**DATA EXCERPT**
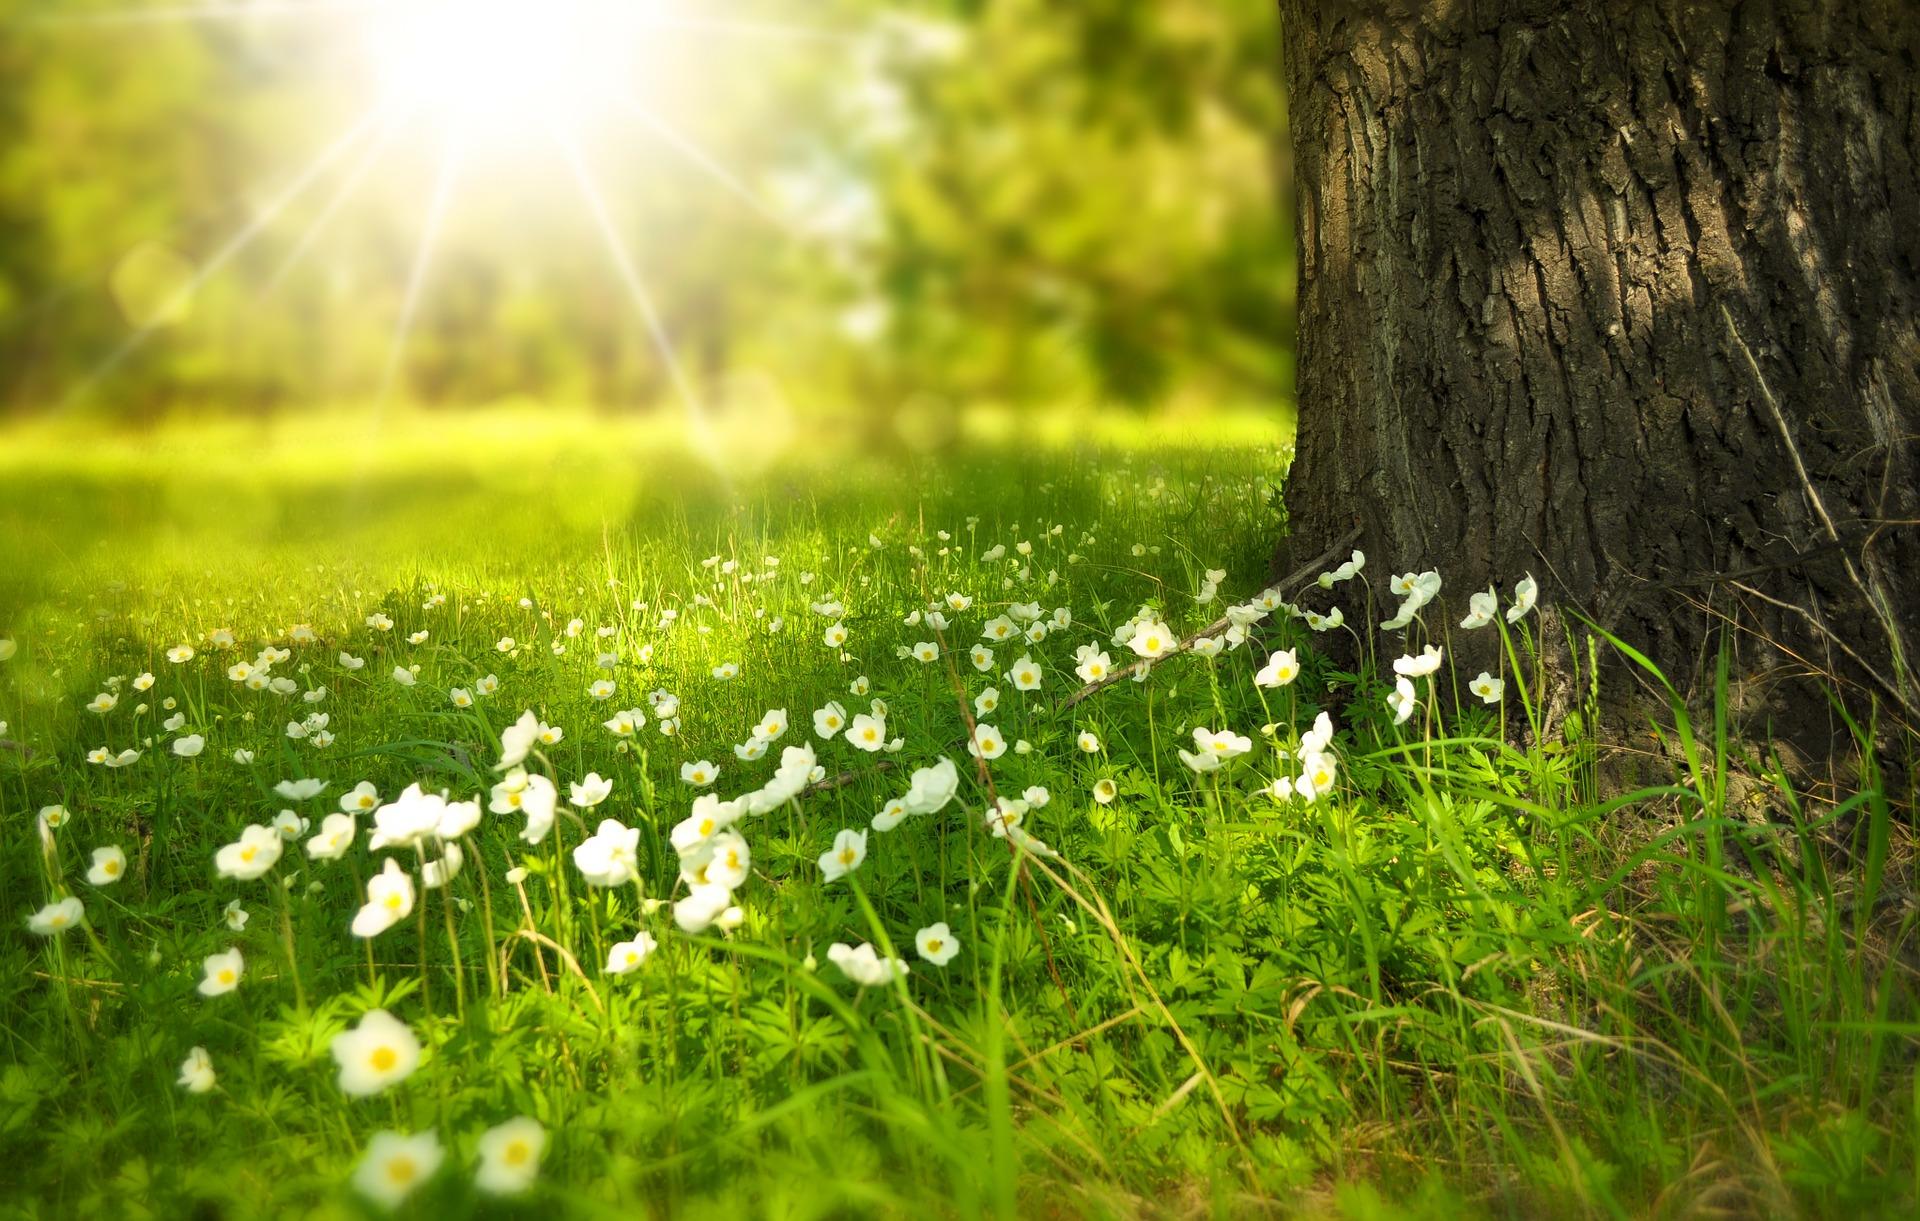 Bild von einem Garten bei Sonnenschein
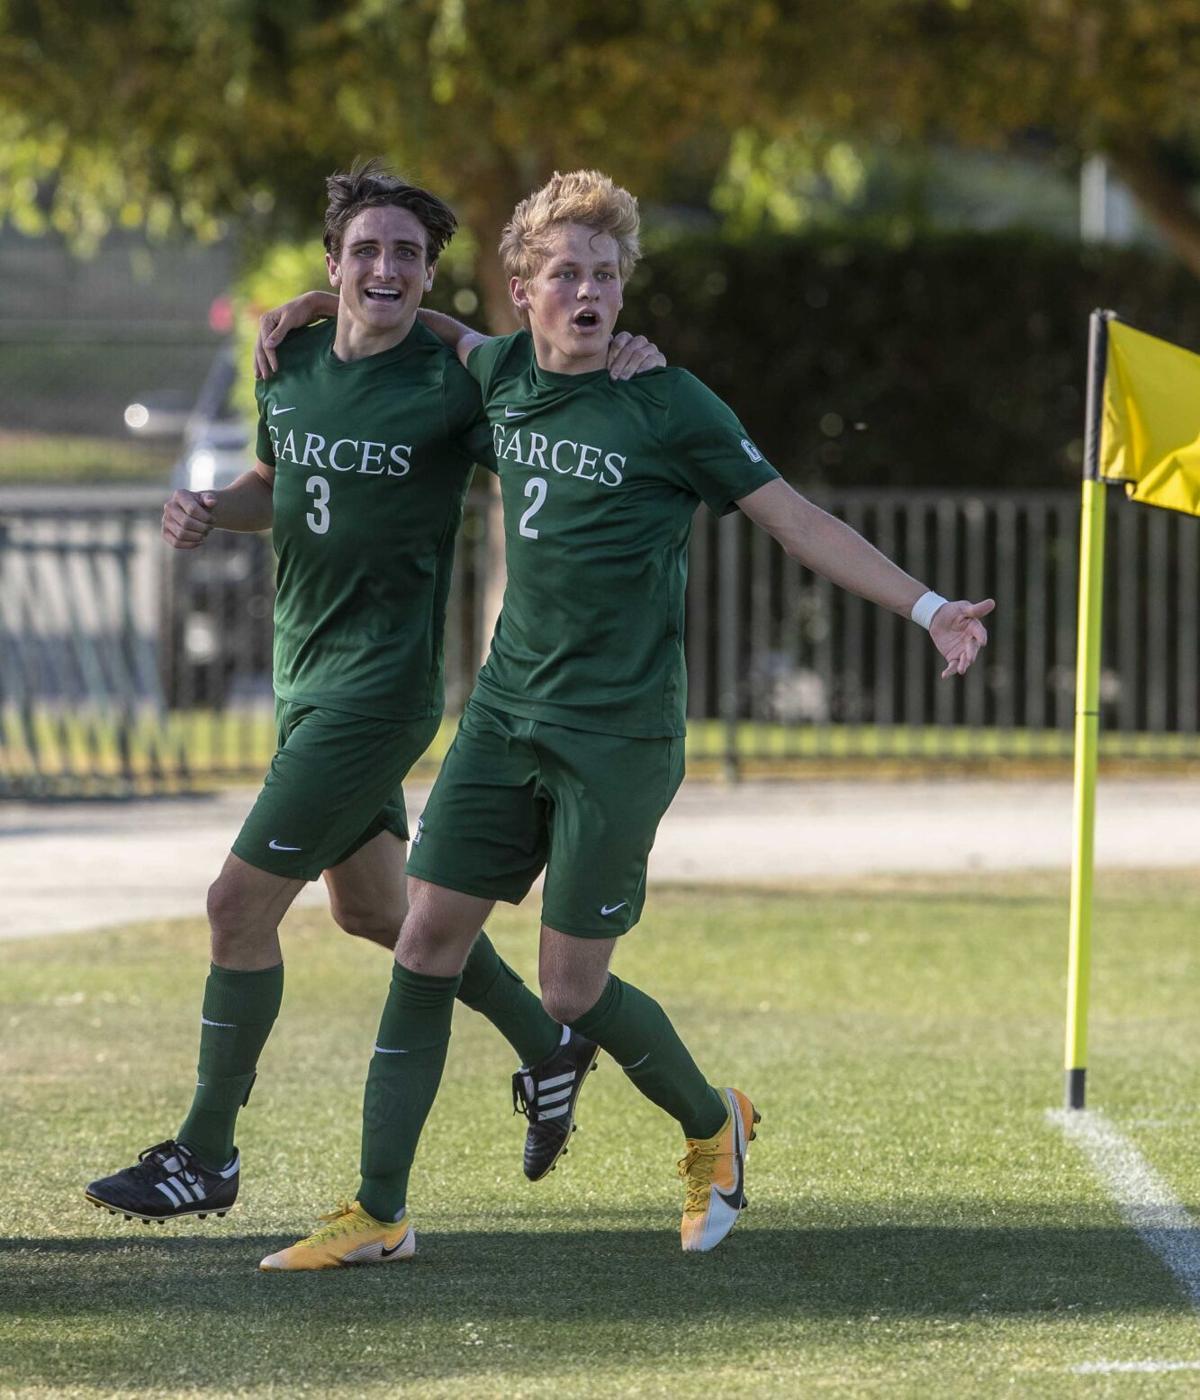 Lindsay vs Garces Boys Soccer10
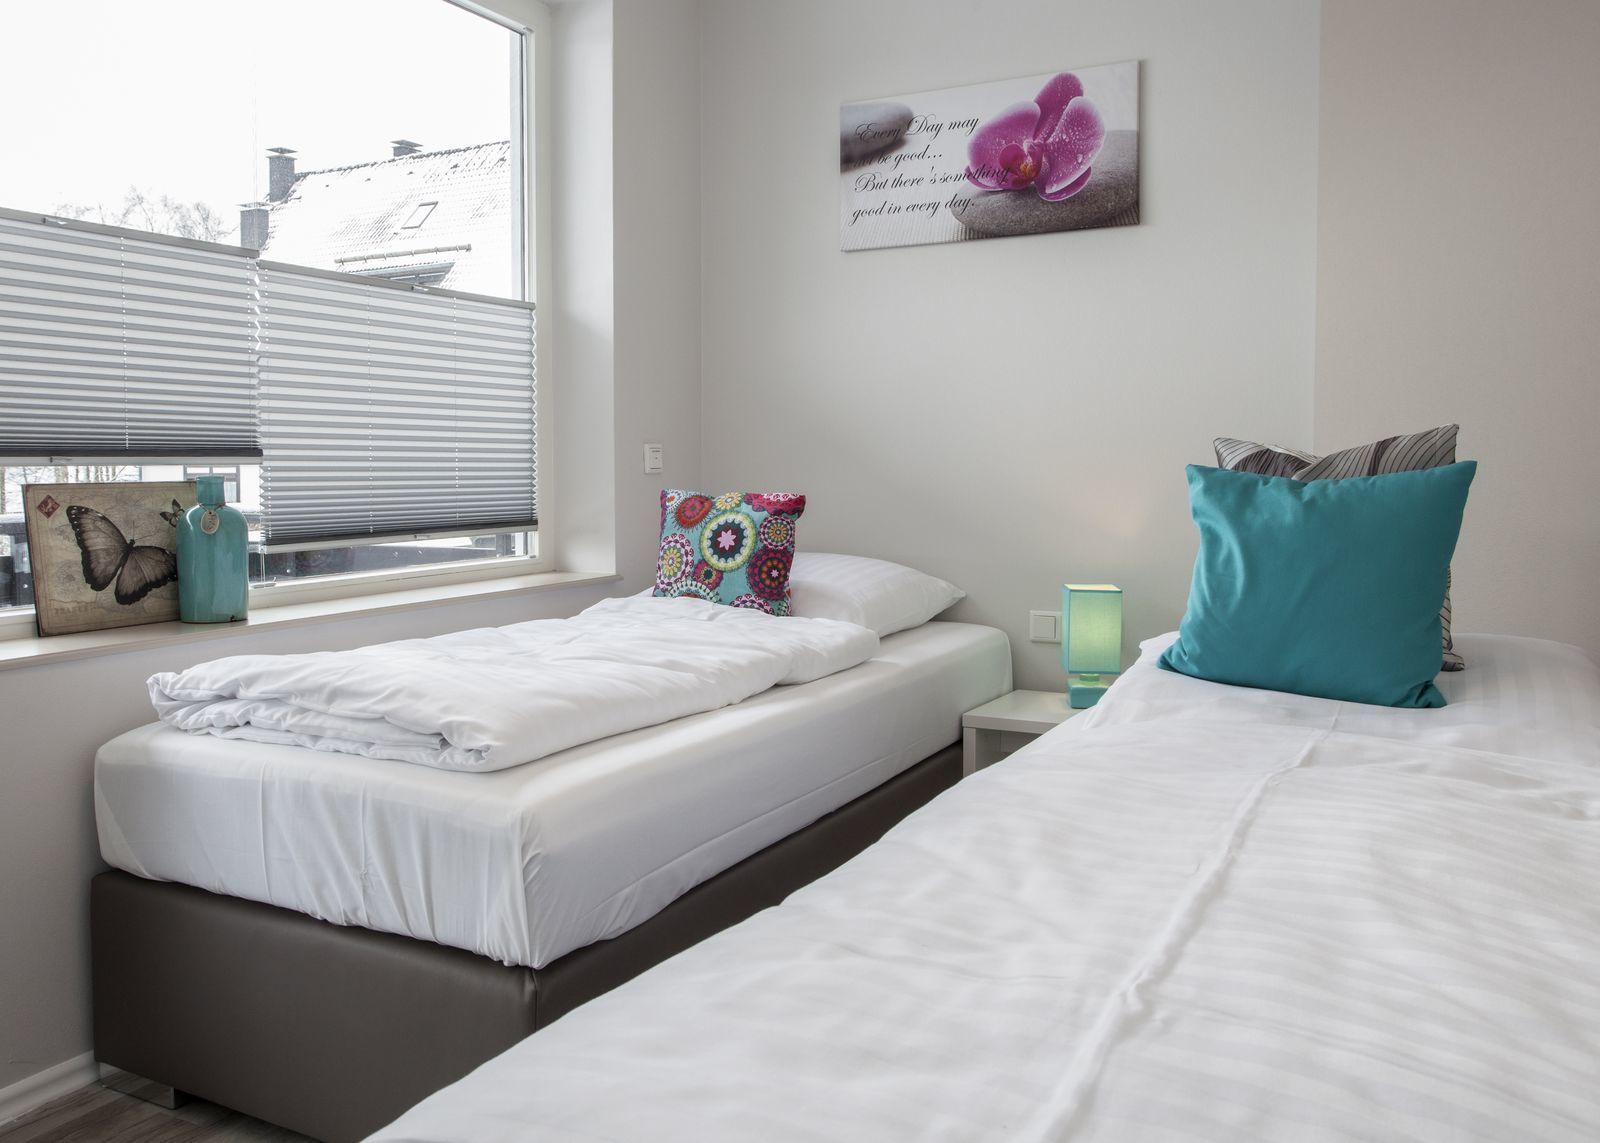 Appartement - Comfort 6 Personen

**WHAT THE TASK ASKS**
Your response must reproduce the listing above word for word and must contain none of its pictures.

**REPLY**
 Bild von einem Garten bei Sonnenschein
 Lindsay vs Garces Boys Soccer10
 Appartement - Comfort 6 Personen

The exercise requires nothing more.